* Information provided:
* * *

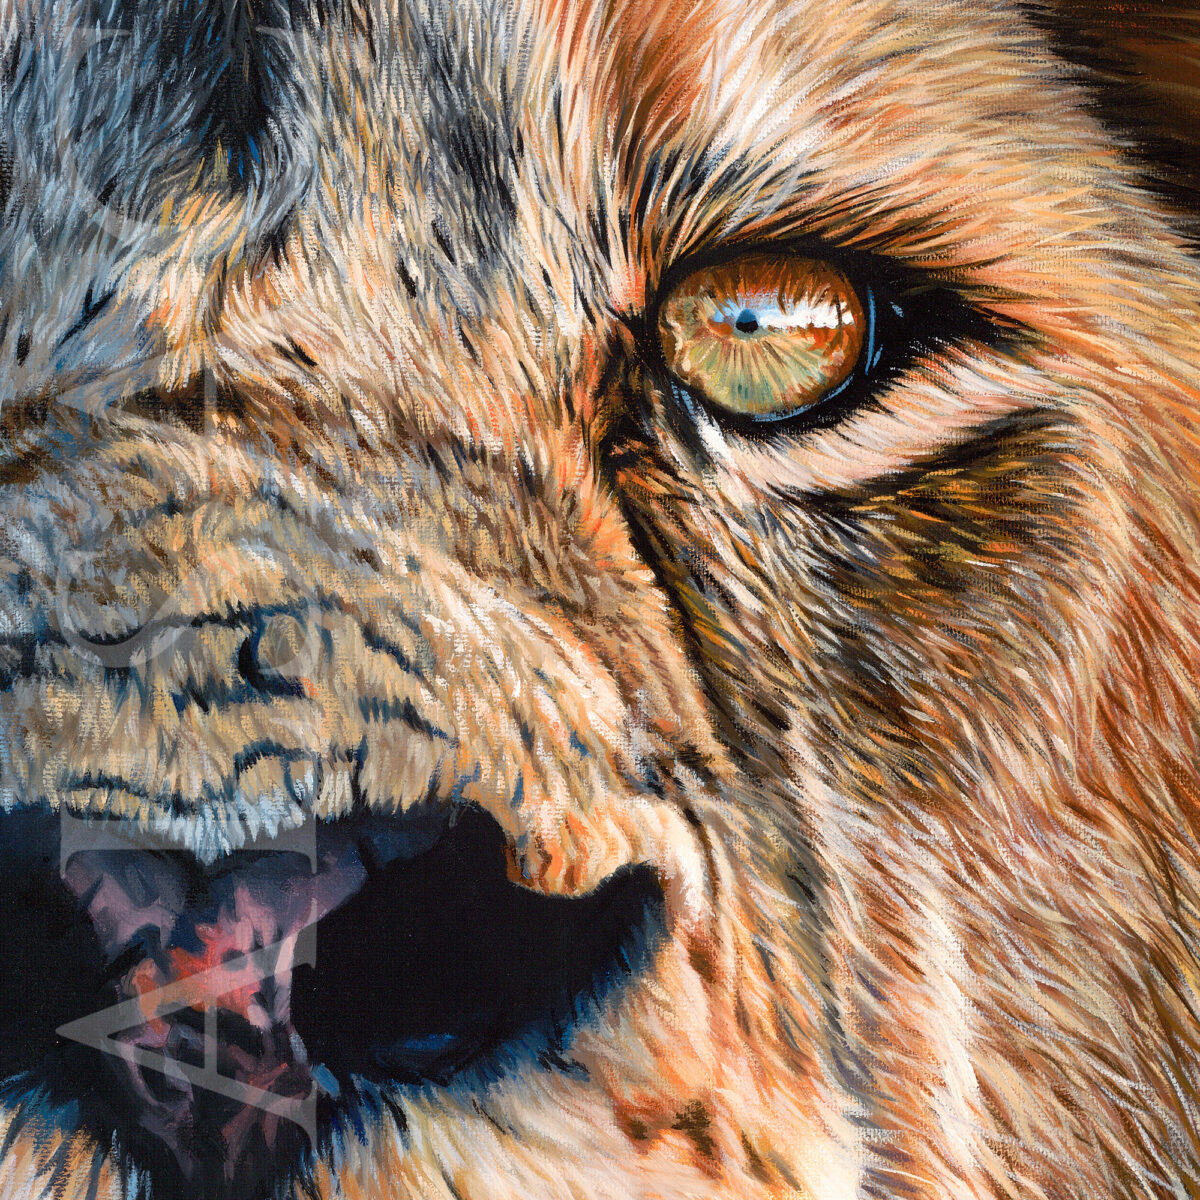 Detail of the painting "maximus": portrait of a magnificent hyper-realistic lion by StephanAlsac
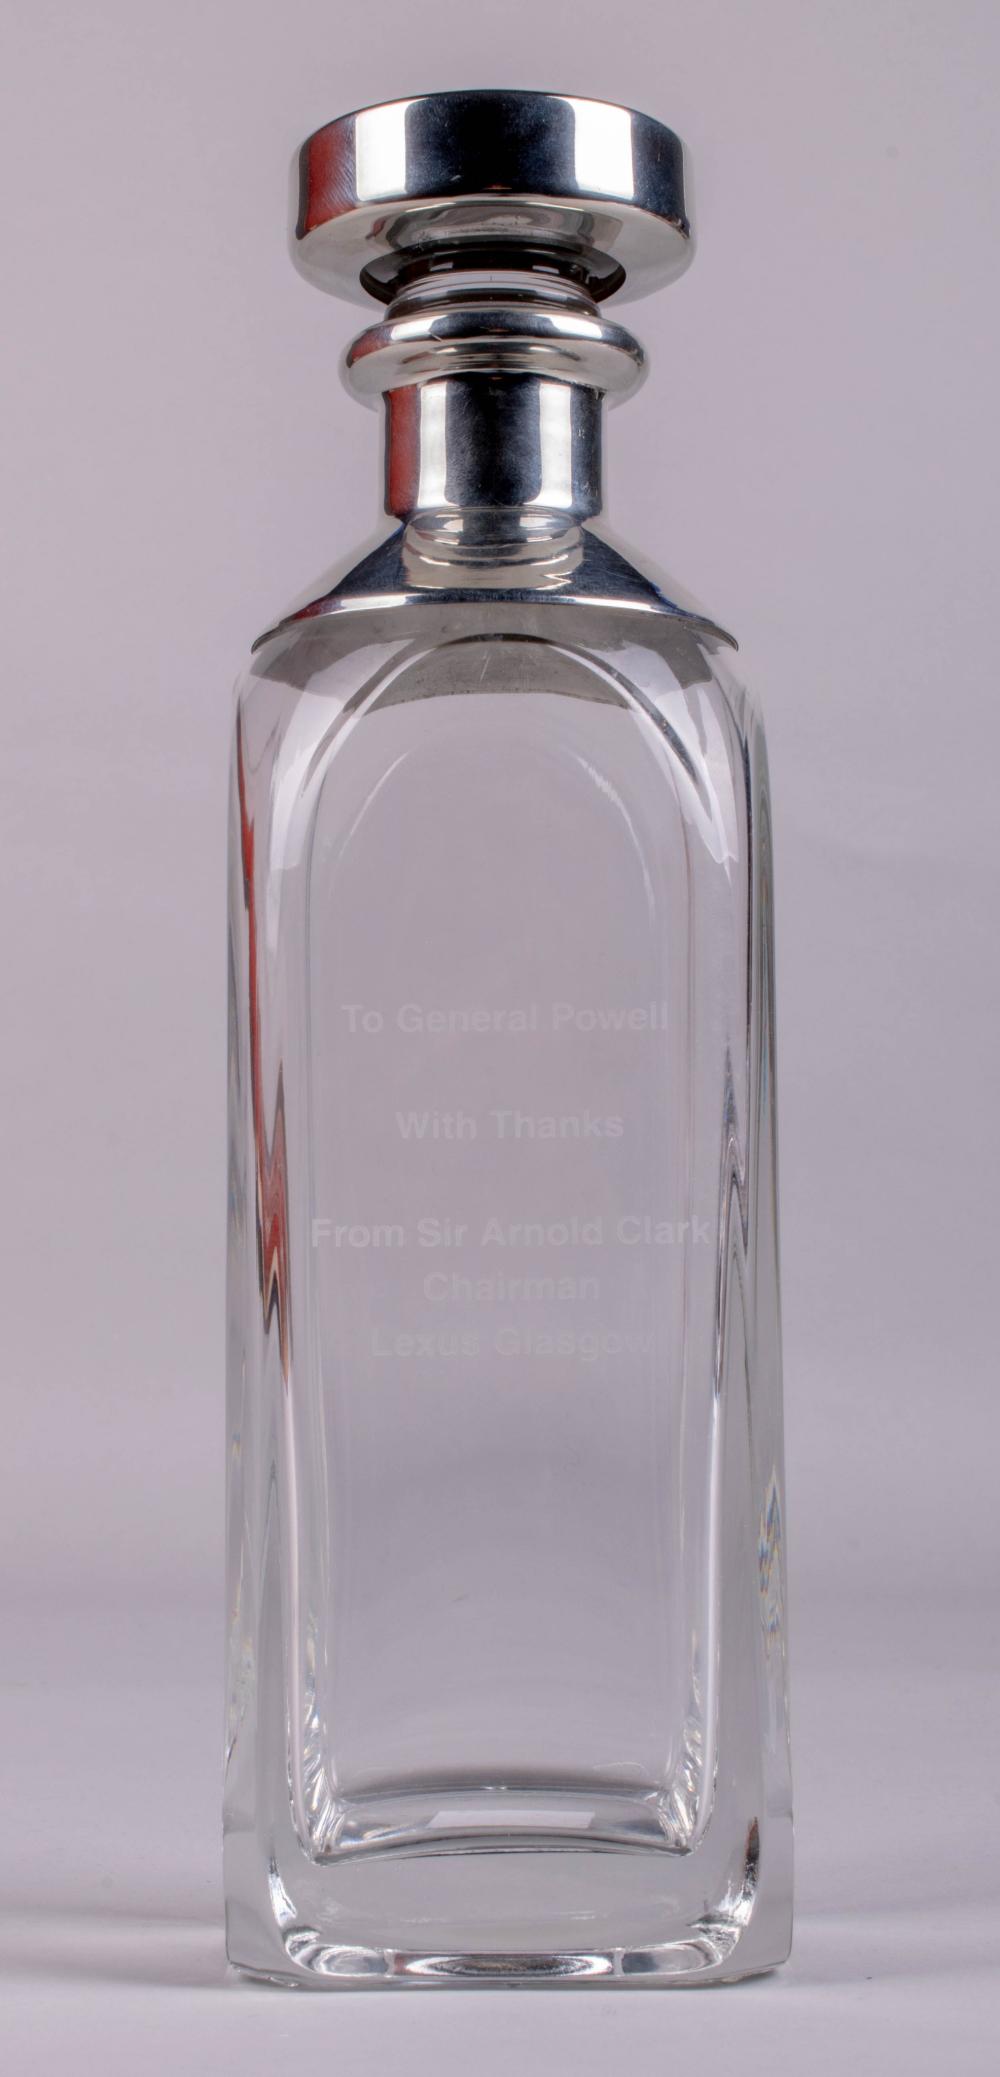 GLASS DECANTER PRESENTED TO GENERAL 33d256
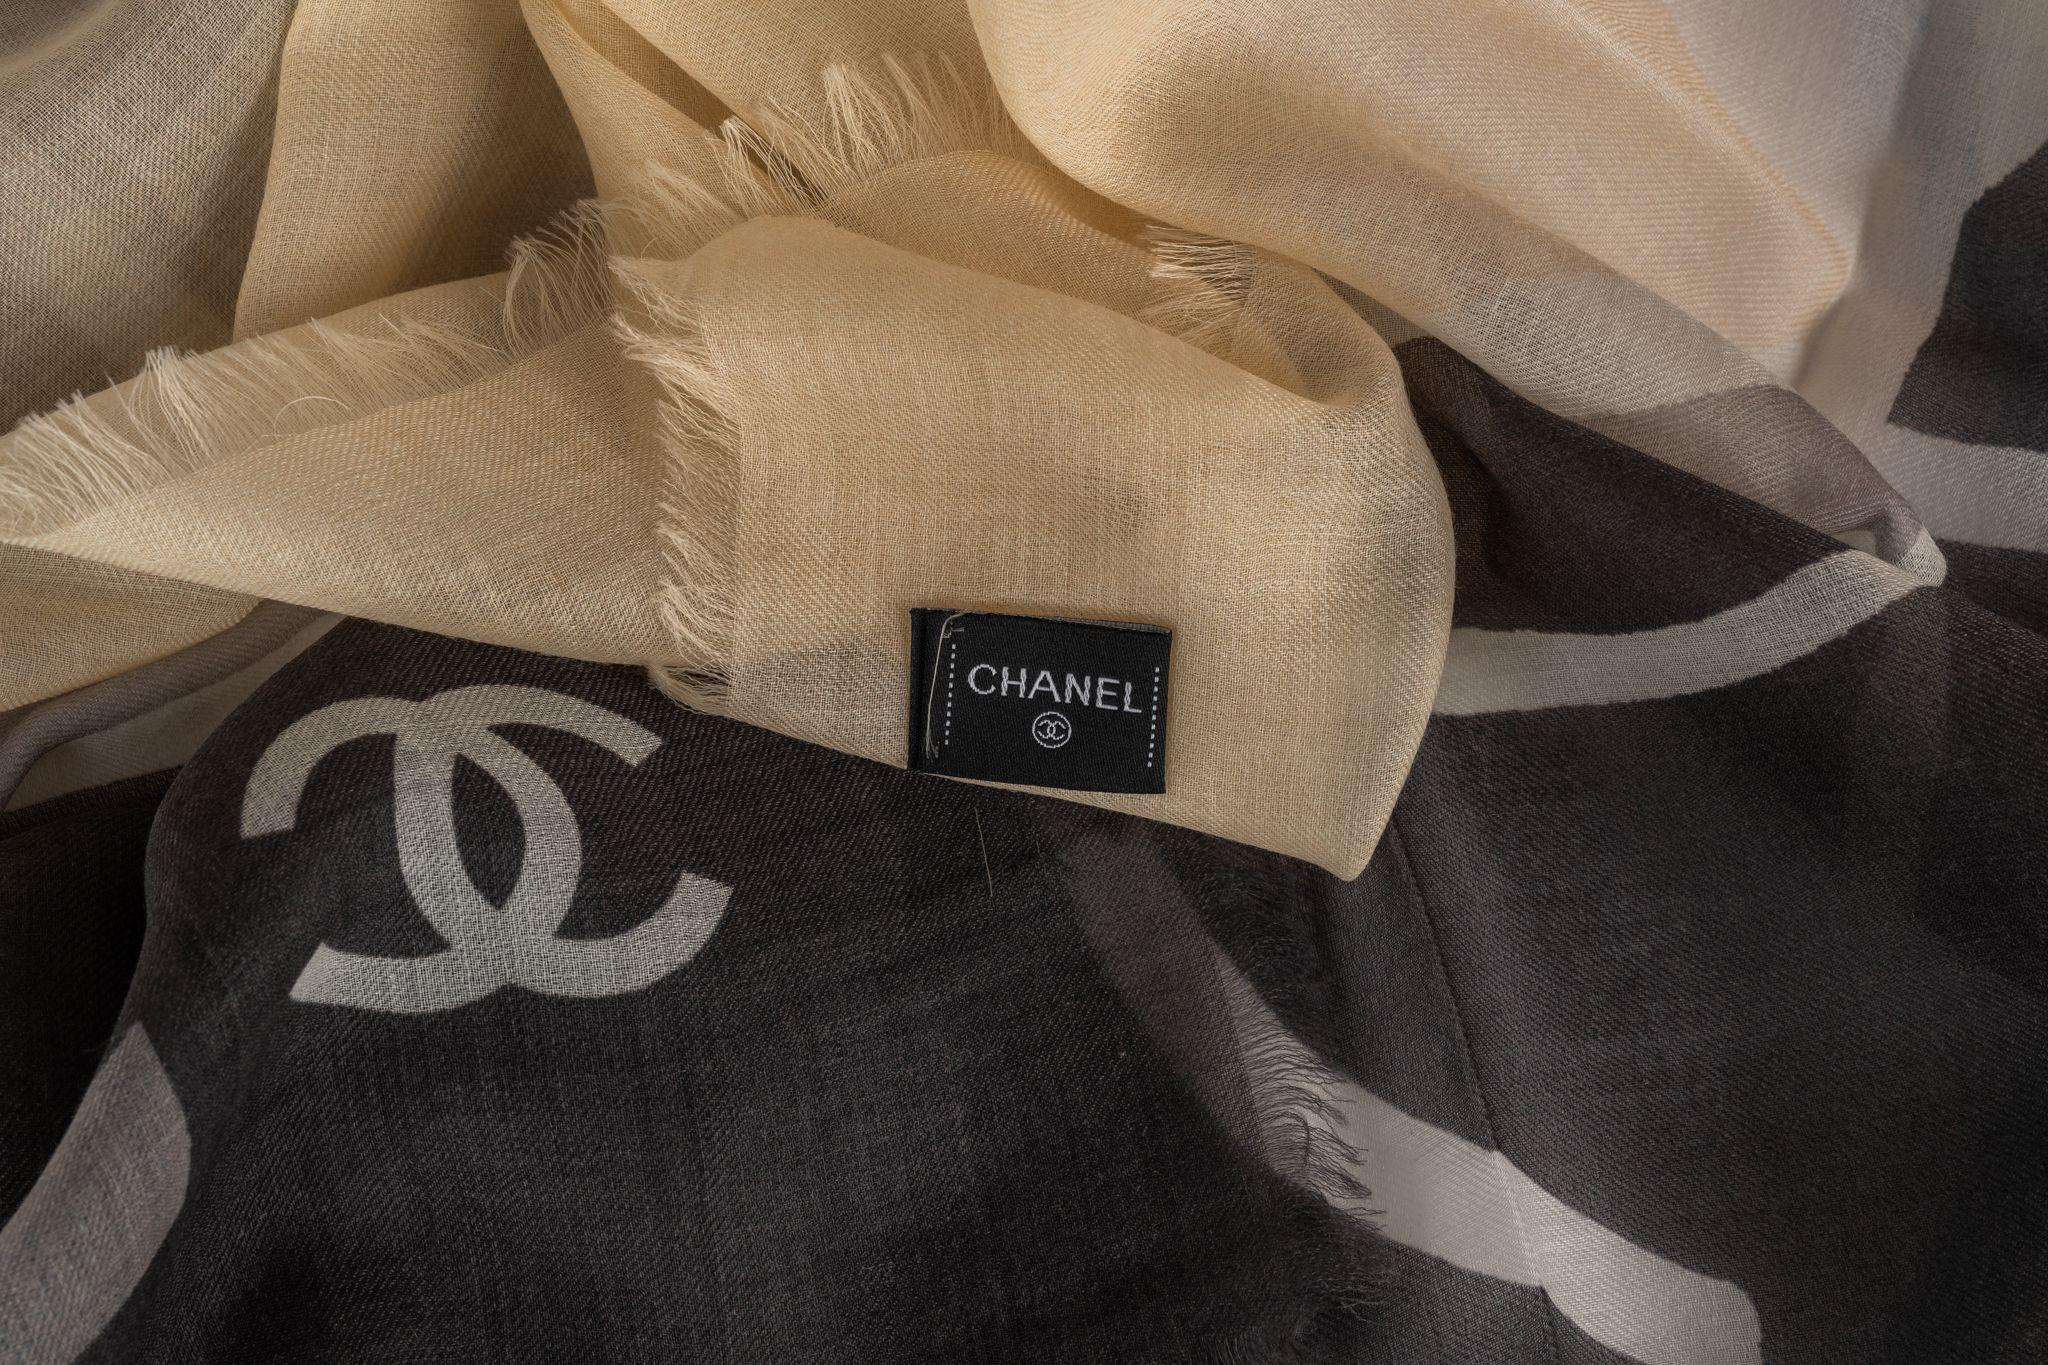 Women's Chanel New Cashmere Shawl Pop Art For Sale
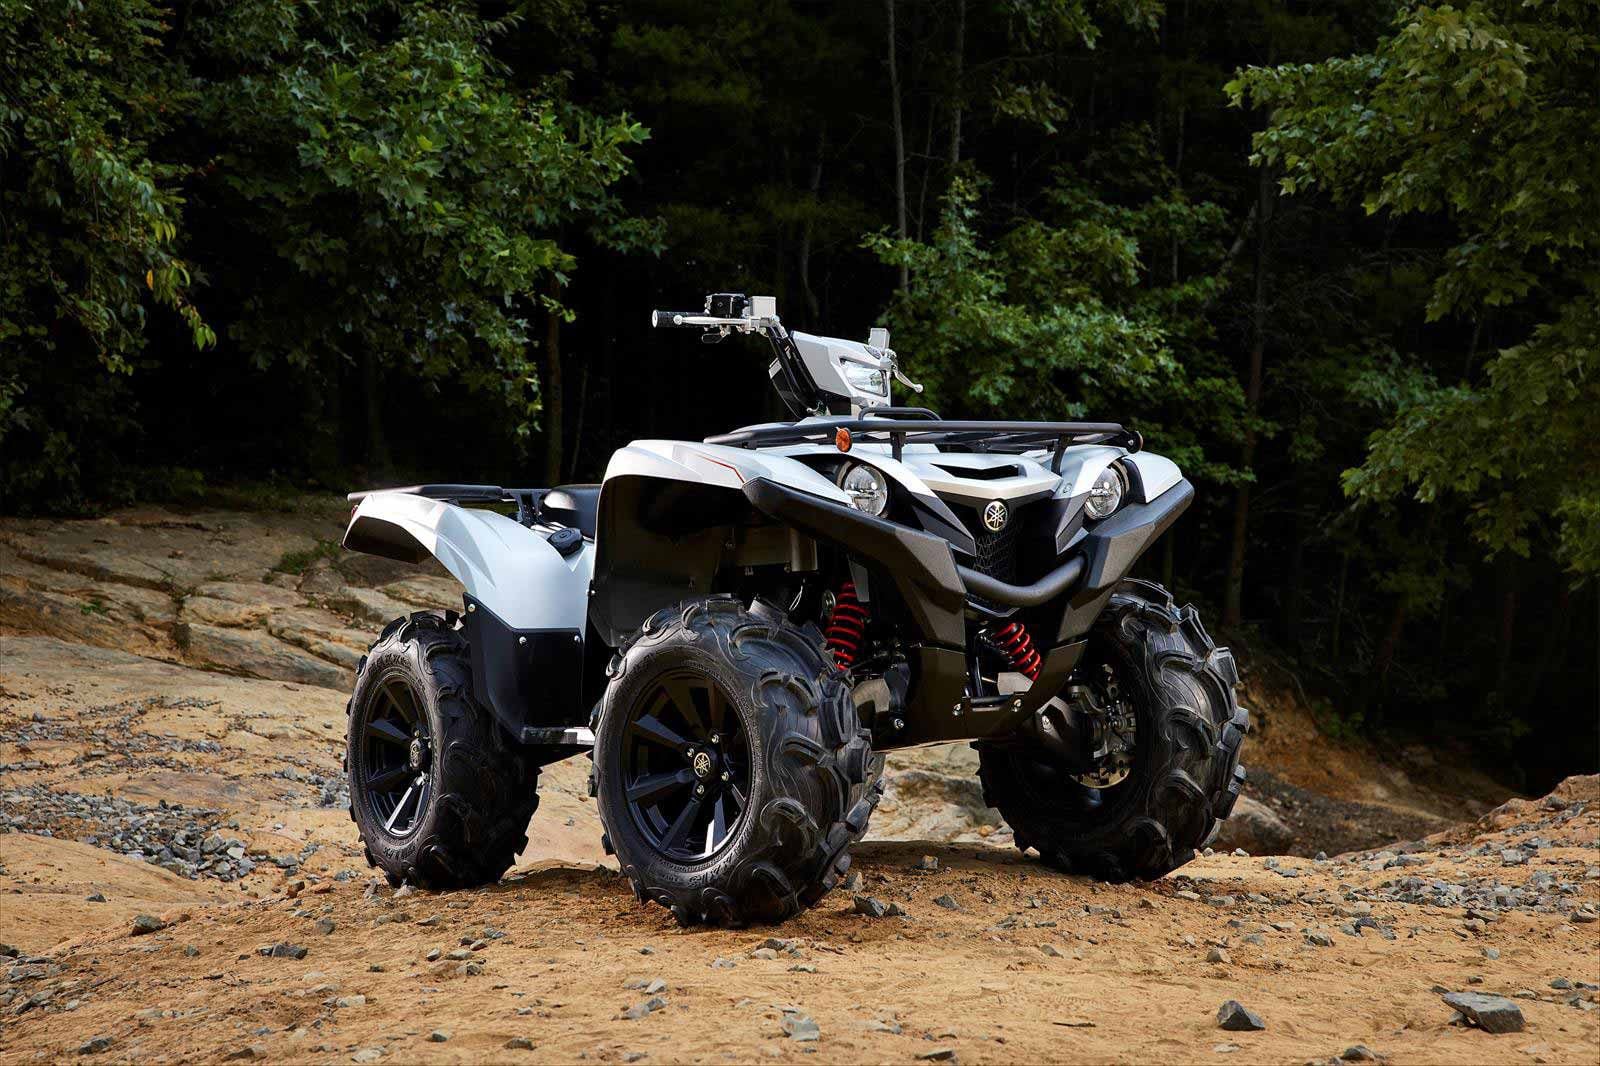 The 2022 Grizzly EPS SE receives upgrades like Maxxis Zilla tires on 14-inch aluminum wheels and Matte Silver painted bodywork.

* * *

Restate the material word for word; no picture should appear in the copy.

* Solution for this problem:
 Detail of the painting "maximus": portrait of a magnificent hyper-realistic lion by StephanAlsac
 GLASS DECANTER PRESENTED TO GENERAL 33d256
 Women's Chanel New Cashmere Shawl Pop Art For Sale
 The 2022 Grizzly EPS SE receives upgrades like Maxxis Zilla tires on 14-inch aluminum wheels and Matte Silver painted bodywork.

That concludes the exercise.